Task details
Read through the listing and copy every line that contains the word "Cotton".

Exercise material
<<<<

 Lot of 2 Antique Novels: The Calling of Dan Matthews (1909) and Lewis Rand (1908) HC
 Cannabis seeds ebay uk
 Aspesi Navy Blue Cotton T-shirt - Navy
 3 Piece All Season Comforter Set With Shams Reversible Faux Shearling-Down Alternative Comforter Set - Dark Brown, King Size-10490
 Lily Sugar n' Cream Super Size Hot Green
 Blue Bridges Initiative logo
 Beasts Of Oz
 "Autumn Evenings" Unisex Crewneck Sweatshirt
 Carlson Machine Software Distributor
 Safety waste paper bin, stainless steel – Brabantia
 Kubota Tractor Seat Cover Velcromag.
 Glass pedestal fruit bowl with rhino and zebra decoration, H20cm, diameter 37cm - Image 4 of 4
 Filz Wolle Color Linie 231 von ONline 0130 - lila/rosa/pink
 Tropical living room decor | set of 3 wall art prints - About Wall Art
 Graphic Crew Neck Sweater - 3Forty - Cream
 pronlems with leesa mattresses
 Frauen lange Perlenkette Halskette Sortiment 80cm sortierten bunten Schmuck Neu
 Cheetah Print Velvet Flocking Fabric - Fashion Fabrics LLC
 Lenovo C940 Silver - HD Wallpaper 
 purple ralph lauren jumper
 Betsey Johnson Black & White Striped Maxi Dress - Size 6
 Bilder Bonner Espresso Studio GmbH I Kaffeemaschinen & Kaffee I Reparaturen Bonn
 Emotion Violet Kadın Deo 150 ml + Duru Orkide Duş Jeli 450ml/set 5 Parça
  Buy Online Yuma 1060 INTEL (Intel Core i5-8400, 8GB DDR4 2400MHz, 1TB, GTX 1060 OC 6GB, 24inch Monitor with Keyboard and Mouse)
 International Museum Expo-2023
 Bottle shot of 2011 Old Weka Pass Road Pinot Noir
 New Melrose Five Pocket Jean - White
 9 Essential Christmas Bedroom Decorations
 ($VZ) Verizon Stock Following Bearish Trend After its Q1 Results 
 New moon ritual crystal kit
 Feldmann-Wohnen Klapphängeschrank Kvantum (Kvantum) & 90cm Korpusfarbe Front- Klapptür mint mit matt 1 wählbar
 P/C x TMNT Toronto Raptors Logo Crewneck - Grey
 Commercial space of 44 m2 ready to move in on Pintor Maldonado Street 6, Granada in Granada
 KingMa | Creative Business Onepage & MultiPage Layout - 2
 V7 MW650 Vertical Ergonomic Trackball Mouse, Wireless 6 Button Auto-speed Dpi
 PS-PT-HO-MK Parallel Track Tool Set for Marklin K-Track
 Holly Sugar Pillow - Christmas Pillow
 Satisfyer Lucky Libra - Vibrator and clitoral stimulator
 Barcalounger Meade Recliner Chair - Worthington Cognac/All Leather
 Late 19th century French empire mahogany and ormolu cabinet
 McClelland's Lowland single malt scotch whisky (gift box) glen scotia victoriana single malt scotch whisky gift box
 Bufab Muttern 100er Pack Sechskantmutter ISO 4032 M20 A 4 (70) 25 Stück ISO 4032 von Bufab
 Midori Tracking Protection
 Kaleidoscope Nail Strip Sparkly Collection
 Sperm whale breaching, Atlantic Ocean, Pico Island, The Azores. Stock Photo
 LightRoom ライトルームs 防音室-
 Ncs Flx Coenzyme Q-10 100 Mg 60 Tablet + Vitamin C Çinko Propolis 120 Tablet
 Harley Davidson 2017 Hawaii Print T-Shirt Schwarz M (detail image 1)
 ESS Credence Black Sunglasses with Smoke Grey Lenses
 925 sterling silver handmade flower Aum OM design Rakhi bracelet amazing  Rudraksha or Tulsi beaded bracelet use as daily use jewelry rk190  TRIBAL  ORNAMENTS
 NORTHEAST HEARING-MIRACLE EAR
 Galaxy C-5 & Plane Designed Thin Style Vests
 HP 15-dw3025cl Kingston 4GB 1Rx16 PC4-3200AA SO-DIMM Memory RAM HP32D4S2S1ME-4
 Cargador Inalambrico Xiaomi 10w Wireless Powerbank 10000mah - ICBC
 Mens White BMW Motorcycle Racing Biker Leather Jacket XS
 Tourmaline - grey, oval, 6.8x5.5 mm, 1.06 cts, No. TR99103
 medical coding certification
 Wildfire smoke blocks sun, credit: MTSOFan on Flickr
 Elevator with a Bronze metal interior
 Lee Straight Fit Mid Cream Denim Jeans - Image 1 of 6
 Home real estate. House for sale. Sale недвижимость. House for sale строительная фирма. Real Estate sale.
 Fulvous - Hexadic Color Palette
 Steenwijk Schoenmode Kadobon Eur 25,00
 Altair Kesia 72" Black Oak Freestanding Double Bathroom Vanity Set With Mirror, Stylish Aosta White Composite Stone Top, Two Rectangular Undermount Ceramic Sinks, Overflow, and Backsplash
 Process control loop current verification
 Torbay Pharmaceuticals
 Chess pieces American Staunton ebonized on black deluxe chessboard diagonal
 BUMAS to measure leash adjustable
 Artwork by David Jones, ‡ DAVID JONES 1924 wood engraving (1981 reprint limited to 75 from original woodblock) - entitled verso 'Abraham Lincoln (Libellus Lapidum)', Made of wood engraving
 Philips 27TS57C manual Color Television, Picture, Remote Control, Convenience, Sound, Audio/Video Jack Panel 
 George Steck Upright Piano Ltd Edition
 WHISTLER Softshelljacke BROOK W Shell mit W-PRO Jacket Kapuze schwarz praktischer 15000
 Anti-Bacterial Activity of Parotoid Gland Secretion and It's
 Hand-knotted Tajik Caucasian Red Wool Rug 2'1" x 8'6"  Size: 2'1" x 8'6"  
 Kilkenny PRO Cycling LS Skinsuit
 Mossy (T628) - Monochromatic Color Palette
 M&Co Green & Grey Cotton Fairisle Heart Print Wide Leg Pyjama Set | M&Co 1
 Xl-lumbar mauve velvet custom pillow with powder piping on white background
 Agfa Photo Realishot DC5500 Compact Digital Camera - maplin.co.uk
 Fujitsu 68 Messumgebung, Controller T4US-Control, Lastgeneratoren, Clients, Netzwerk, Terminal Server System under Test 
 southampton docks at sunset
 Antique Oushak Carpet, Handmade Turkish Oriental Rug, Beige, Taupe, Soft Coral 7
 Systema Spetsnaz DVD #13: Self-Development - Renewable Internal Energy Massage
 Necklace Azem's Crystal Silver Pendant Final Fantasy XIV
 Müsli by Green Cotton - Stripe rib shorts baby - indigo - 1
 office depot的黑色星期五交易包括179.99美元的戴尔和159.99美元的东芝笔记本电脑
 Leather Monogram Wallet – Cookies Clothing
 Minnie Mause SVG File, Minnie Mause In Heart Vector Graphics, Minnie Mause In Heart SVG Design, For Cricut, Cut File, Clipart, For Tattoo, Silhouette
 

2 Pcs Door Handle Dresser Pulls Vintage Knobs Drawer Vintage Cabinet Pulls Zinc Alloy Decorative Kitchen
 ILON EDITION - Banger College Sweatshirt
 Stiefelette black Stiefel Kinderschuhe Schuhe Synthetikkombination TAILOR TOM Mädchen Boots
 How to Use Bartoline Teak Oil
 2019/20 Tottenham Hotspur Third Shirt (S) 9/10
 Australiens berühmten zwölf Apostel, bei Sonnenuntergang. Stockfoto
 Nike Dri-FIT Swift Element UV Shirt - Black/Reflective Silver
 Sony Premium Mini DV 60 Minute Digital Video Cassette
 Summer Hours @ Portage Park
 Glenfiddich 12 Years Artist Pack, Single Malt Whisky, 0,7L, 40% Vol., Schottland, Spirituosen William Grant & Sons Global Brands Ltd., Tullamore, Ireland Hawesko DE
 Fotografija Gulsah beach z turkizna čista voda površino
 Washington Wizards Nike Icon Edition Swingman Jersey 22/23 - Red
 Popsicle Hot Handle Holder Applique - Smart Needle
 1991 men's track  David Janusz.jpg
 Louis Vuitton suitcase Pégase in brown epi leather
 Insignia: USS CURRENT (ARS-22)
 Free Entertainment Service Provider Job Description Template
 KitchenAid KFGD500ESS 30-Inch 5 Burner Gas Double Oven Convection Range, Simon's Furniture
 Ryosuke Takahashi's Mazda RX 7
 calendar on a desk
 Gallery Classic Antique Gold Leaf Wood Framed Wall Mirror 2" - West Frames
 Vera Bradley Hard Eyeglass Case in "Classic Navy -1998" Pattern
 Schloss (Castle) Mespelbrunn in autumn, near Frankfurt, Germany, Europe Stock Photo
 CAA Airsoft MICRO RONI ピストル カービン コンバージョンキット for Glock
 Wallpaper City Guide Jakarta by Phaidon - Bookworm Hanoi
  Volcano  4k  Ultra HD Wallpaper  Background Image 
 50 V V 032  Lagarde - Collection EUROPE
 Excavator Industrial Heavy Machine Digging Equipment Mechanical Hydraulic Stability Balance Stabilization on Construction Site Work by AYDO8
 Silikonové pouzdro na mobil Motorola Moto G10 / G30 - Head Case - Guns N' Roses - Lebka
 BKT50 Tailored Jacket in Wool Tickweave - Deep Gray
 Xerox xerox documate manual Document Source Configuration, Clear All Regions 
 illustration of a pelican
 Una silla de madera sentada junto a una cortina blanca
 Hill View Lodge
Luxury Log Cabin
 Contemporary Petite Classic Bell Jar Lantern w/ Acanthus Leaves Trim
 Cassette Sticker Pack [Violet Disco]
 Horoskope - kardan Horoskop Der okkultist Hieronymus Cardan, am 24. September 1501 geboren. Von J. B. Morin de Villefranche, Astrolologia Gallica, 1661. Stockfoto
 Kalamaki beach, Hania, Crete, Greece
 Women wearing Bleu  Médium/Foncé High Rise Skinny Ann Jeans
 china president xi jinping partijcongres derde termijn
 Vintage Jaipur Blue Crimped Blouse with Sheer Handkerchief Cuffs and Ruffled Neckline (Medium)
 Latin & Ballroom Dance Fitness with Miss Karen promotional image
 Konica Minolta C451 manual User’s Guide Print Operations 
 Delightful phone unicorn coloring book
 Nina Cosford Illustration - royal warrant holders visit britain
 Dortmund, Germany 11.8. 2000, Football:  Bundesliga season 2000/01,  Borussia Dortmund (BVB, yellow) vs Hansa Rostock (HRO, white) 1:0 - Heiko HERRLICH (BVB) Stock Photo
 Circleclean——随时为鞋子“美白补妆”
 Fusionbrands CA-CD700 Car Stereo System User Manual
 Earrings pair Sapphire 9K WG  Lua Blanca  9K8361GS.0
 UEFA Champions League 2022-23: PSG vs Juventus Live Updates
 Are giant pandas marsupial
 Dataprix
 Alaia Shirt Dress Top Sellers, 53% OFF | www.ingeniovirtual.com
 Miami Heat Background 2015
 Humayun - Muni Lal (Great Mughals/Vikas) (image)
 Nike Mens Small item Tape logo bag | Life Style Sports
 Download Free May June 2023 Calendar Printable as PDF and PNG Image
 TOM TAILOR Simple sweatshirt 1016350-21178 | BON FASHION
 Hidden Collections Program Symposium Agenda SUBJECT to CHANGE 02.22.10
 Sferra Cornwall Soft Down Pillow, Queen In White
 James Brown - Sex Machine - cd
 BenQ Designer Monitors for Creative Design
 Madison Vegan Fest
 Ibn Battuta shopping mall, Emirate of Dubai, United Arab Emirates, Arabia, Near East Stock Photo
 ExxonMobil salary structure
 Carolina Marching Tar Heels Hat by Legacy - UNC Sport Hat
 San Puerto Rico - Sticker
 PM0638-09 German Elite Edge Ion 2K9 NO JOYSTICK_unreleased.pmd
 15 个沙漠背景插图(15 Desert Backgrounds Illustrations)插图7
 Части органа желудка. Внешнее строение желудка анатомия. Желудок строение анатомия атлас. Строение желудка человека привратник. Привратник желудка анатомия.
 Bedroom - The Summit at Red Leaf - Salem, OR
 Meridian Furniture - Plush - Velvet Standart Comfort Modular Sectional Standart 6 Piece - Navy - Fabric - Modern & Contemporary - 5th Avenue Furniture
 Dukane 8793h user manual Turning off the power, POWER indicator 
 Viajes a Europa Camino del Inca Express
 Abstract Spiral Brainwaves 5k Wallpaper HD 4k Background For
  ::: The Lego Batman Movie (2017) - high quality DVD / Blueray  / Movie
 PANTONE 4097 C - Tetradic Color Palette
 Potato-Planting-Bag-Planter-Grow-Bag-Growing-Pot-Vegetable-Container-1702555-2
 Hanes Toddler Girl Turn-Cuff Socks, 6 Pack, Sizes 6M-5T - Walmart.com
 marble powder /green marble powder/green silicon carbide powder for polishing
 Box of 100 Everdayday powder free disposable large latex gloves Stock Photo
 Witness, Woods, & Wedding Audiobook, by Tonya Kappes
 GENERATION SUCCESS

>>>>

Task result
 Aspesi Navy Blue Cotton T-shirt - Navy
 M&Co Green & Grey Cotton Fairisle Heart Print Wide Leg Pyjama Set | M&Co 1
 Müsli by Green Cotton - Stripe rib shorts baby - indigo - 1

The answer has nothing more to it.